DETAILED DESCRIPTION OF THE PREFERRED EMBODIMENTS
[0015] An illustrative embodiment of the disclosed invention shown
in FIG. 1 takes as input two sequences of images (such as frames
from a video) depicted as a top sequence of images [1] and a bottom
sequence of images [2]. The figure shows the same pixel location
[3] in both sequences of images is mapped to the same spot in the
vector representation [4], which is then used by the system [5] to
produce a final decision [6] about the similarity of the two
sequences.
[0016] The current invention includes methods that use any linear
or non-linear combination of the pixel values in the frames
composing each sequence to create the representative vectors [4]

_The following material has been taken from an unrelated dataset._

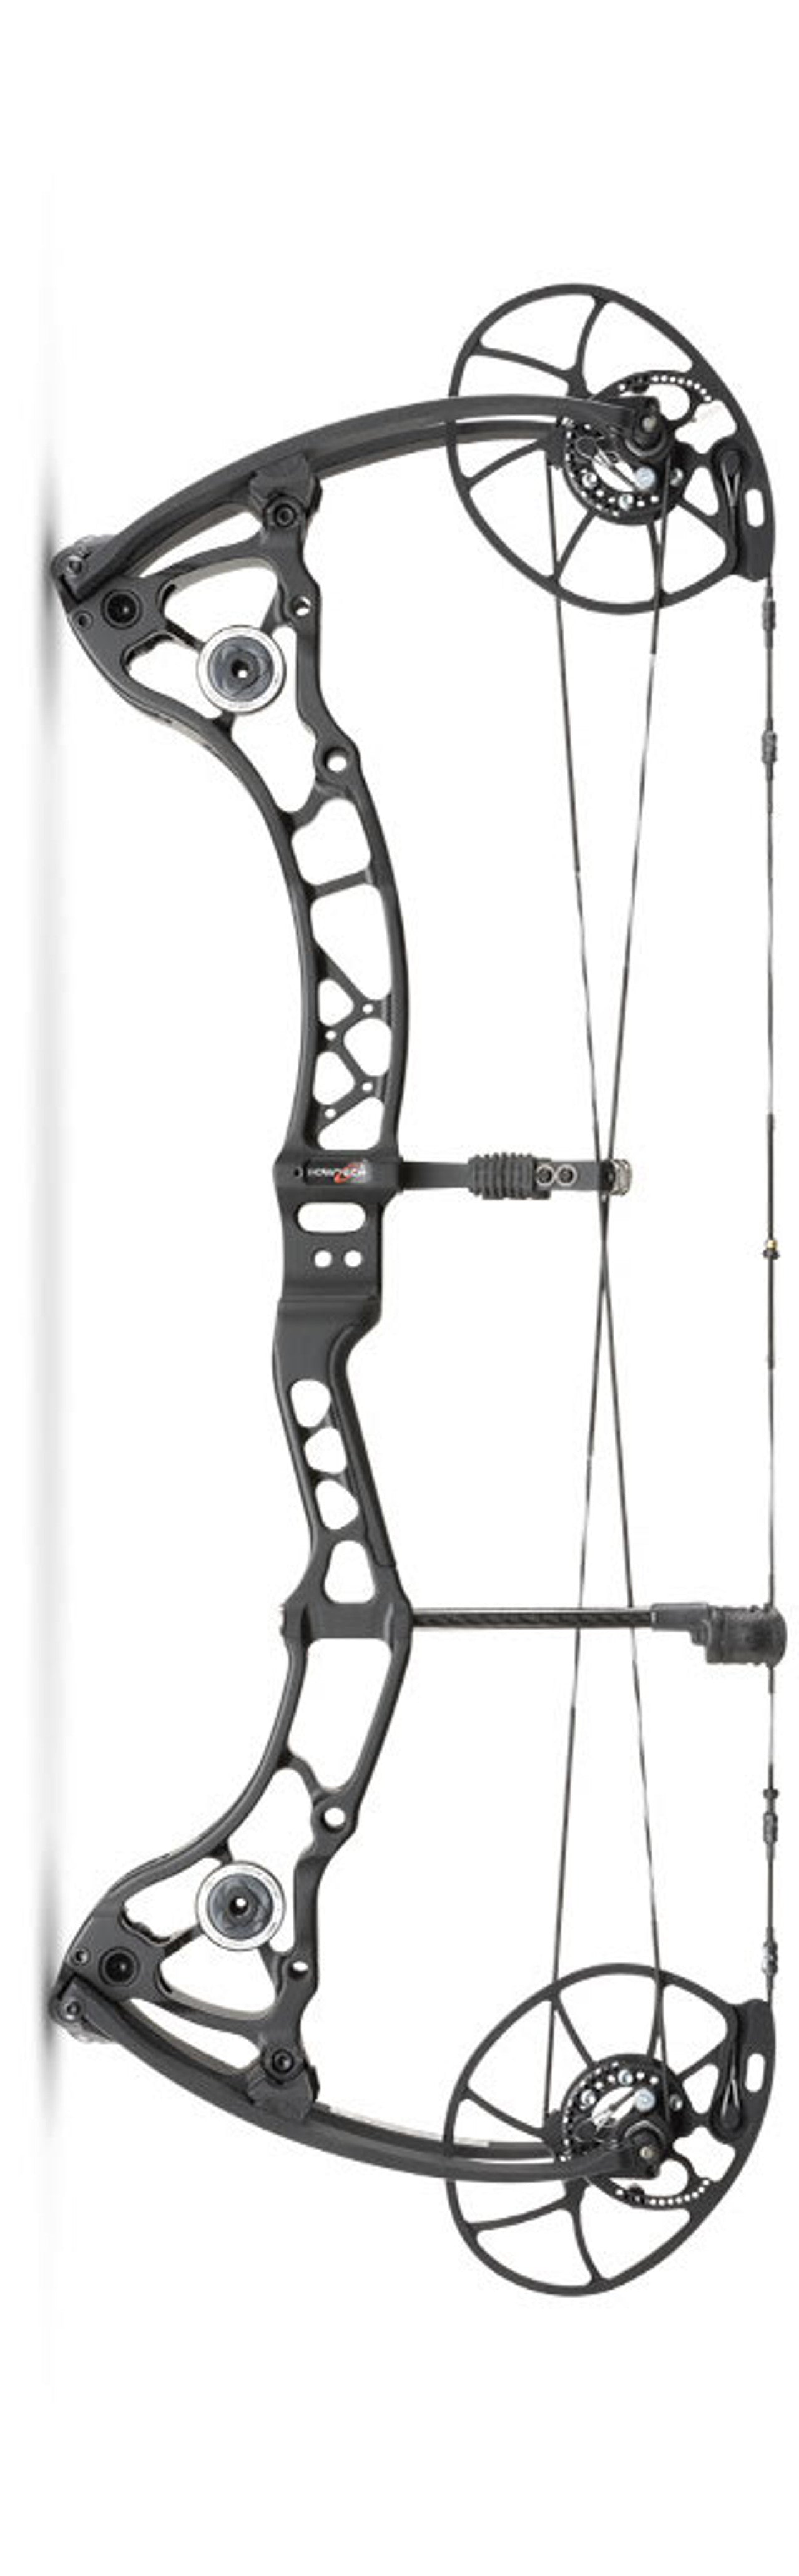 Bowtech CP28 Compound Bow | Whisper Quiet and Vibration Free

described above, but here we discuss a particular method for
computing the feature vectors, favored for its efficiency and
robustness.
[0017] Given two or more image sequences, the first step is to
compute a representative vector from each sequence as depicted in
FIG. 1 [4], which will later be used to computing the difference
[5] between each image sequence. Many functions are applicable for
mapping the image sequence to this vector, such as the results of
spatial filters or convolutions of the full image (e.g., Gaussian,
Laplacian, sine, Lancoz, etc.), the application of linear
dimensionality reduction algorithms (k-means clustering, Principal
Component Analysis, Singular Value Decomposition, or other matrix
factorization techniques), as well as non-linear combinations
including the application of gamma correction and more general
image tone mapping operators and non-linear dimensionality
reduction methods such as Isomap or Locally Linear Embedding.

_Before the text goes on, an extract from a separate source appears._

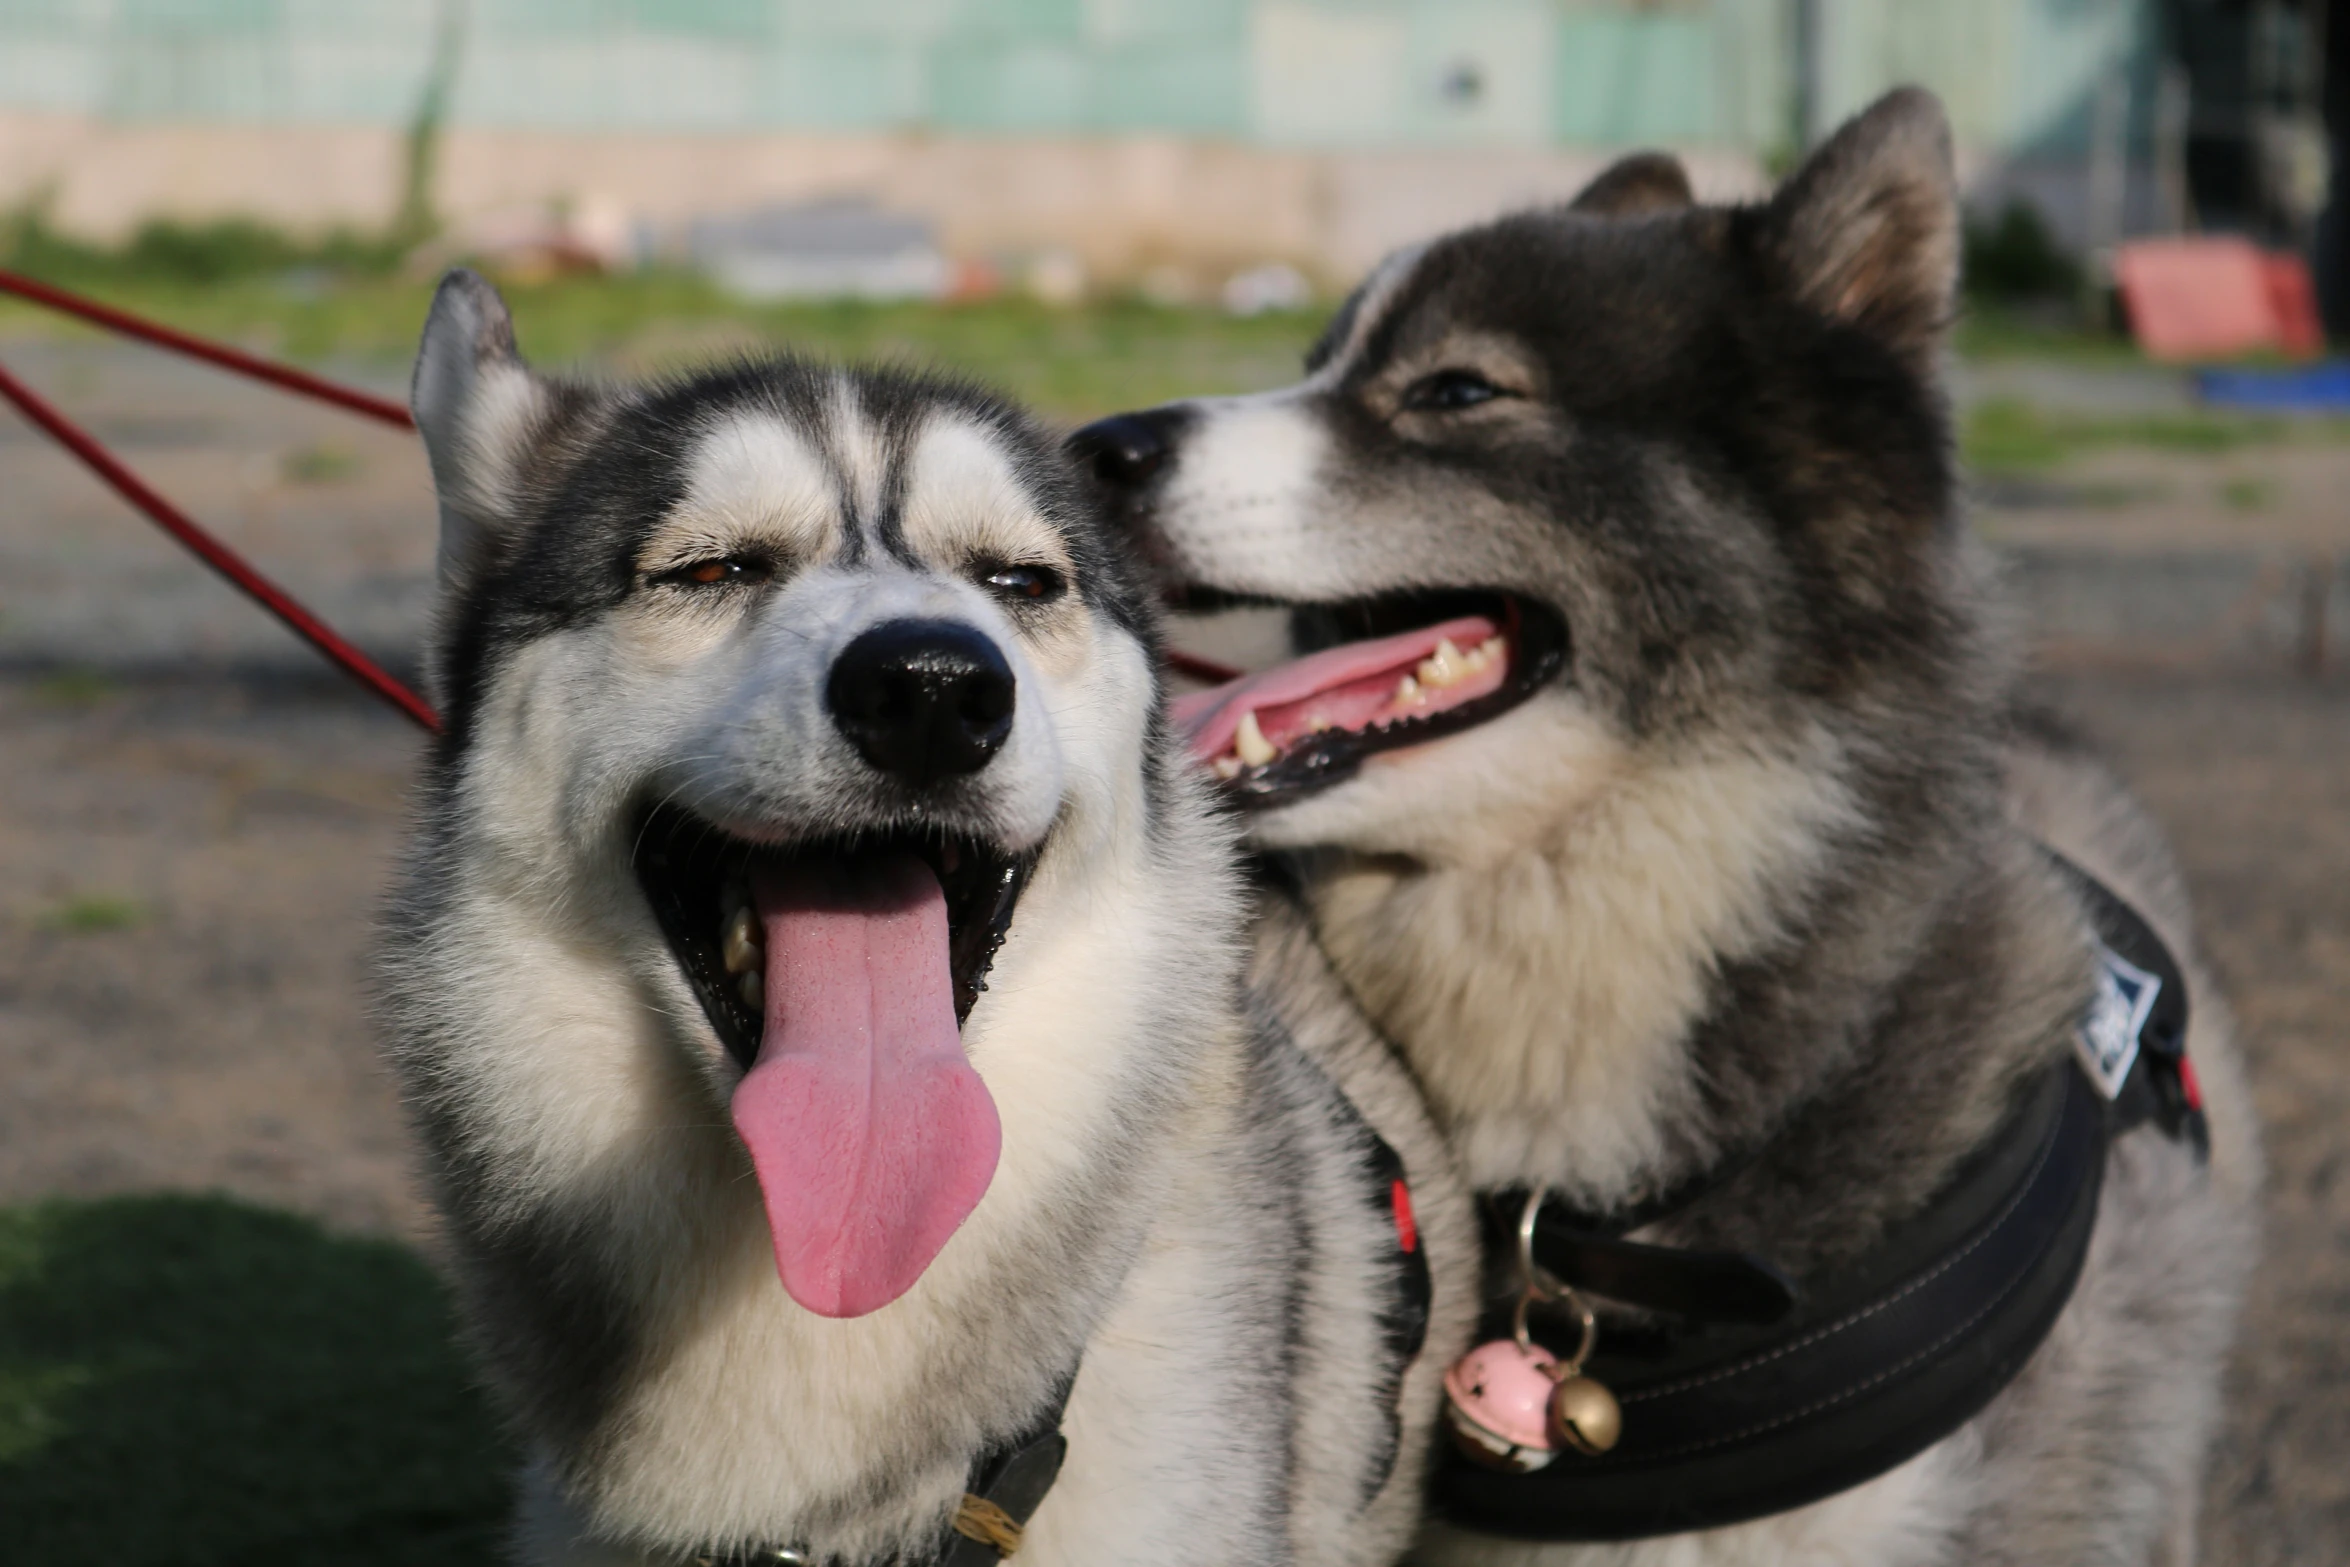 two alaskan husky dogs are ready for fun

[0018] In the preferred embodiment, each image sequence is first
denoised using a standard approach such as convolving the color
channels with a small Gaussian kernel, and then the resulting
pixels are serialized directly into a representative vector. We
note that denoising significantly increases robustness by reducing
the effect of camera noise and small transient image features
irrelevant to the broader image sequence similarity. The distance
between these resulting vectors is computed using the normalized
cross correlation (NCC) function. In this case, a value close to
one would indicate a high degree of positive correlation and one
would conclude that the two sequences are similar. On the other
hand, if the NCC is closer to zero or negative one, this would
indicate that the two image sequences are dissimilar.

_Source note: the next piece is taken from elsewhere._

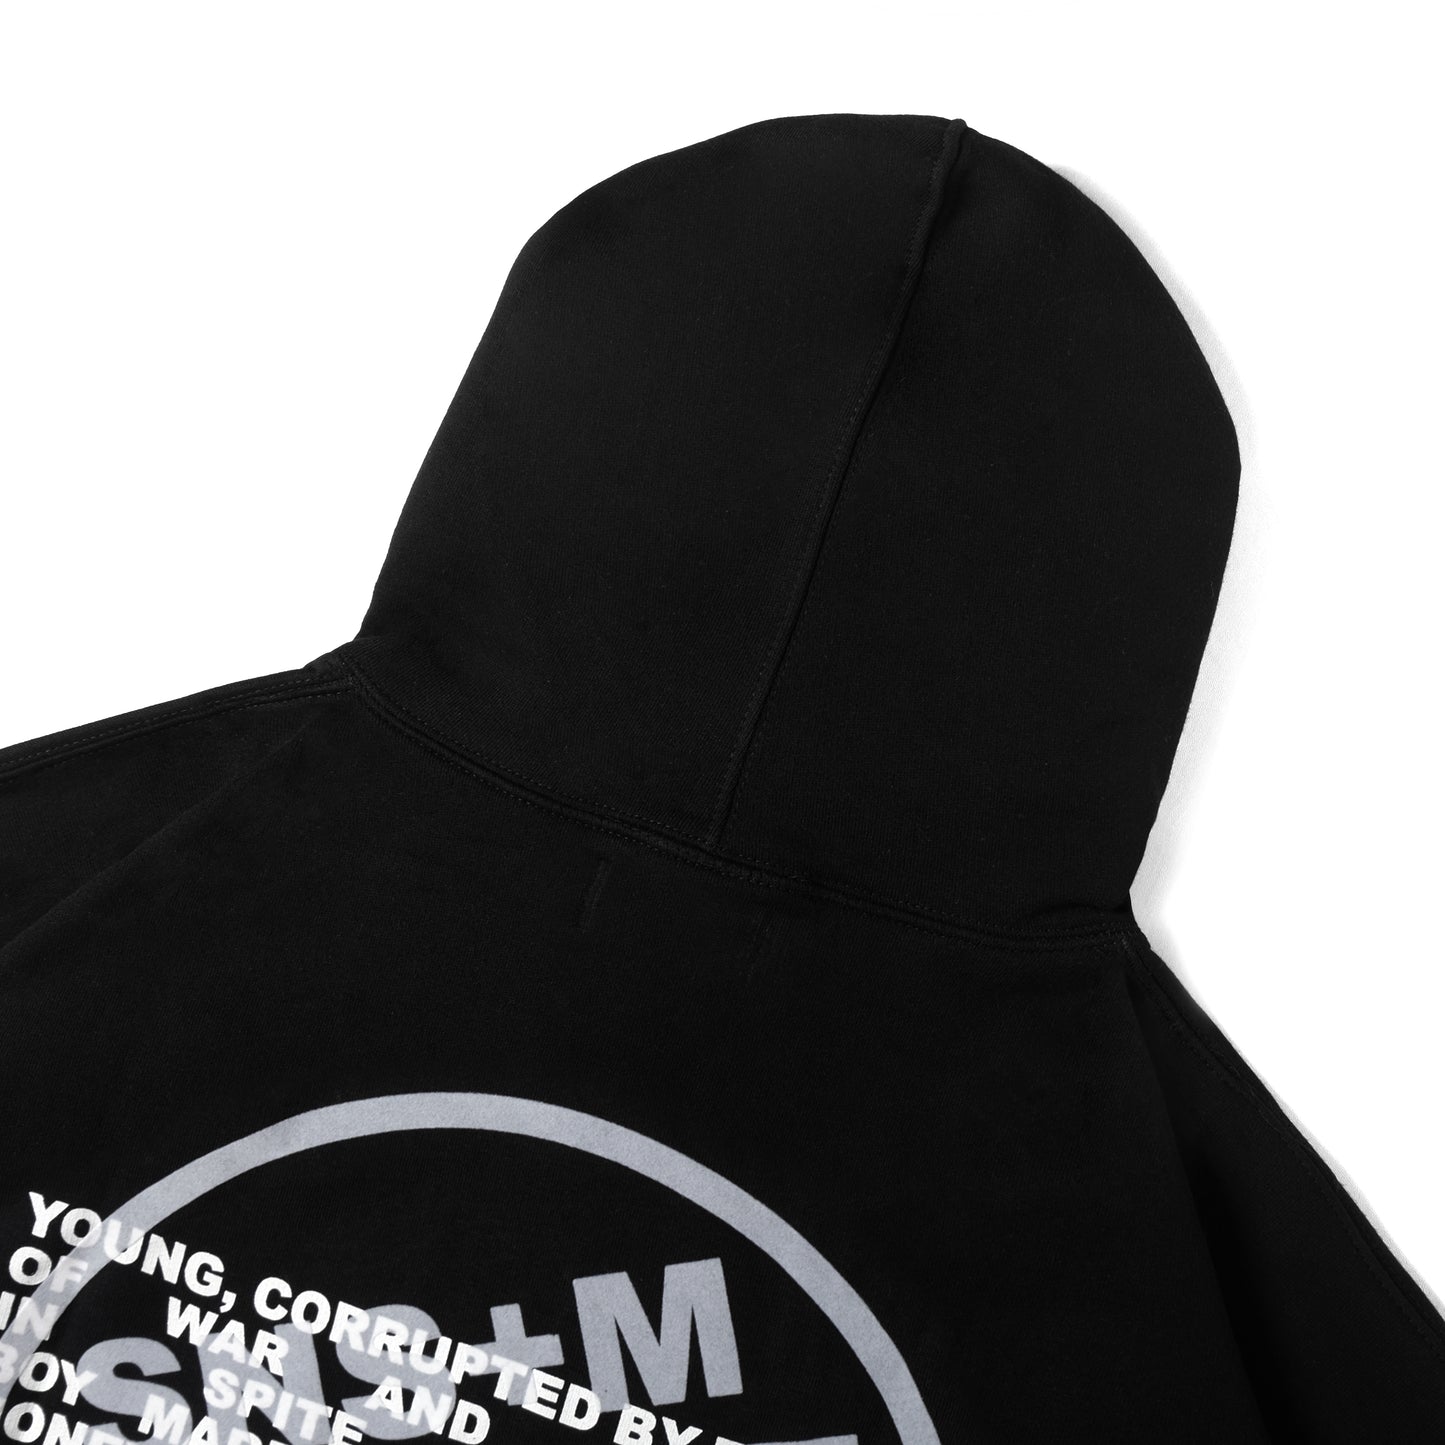 Miracle Mates - Motion Black Zipper Boxy Hoodie Collaboration SNSB

[0019] A typical 30 second 1,920.times.1,080 video contains over
1.8 billion individual pixels, and performing computations on this
intractable workload directly would result in an inefficient
technique. Instead, in the preferred embodiment we compute the
representative vector based on only a subset of the pixels in the
input image sequences. Selection of the pixel subset is another
contribution of the present invention.
[0020] One approach is to use a fixed pattern of pixel locations as
shown in FIG. 3(a). Another approach is to use a fixed pattern that
under-samples some regions of the raster grid in favor of others,
such as those expected to contain a greater amount of information
that will aid the process of determining the degree of similarity
between the two sequences. The pattern in FIG. 3(b) is an example
of one such pattern. In this case, the fixed subset of pixels
favors locations near the center of the raster grid. Another
approach is to choose a subset of pixels that depends on the set of
input image sequences. This includes incorporating standard
theoretical measures of information content, such as variance or
entropy, in the process used to choose the pixel subset. FIG. 3(c)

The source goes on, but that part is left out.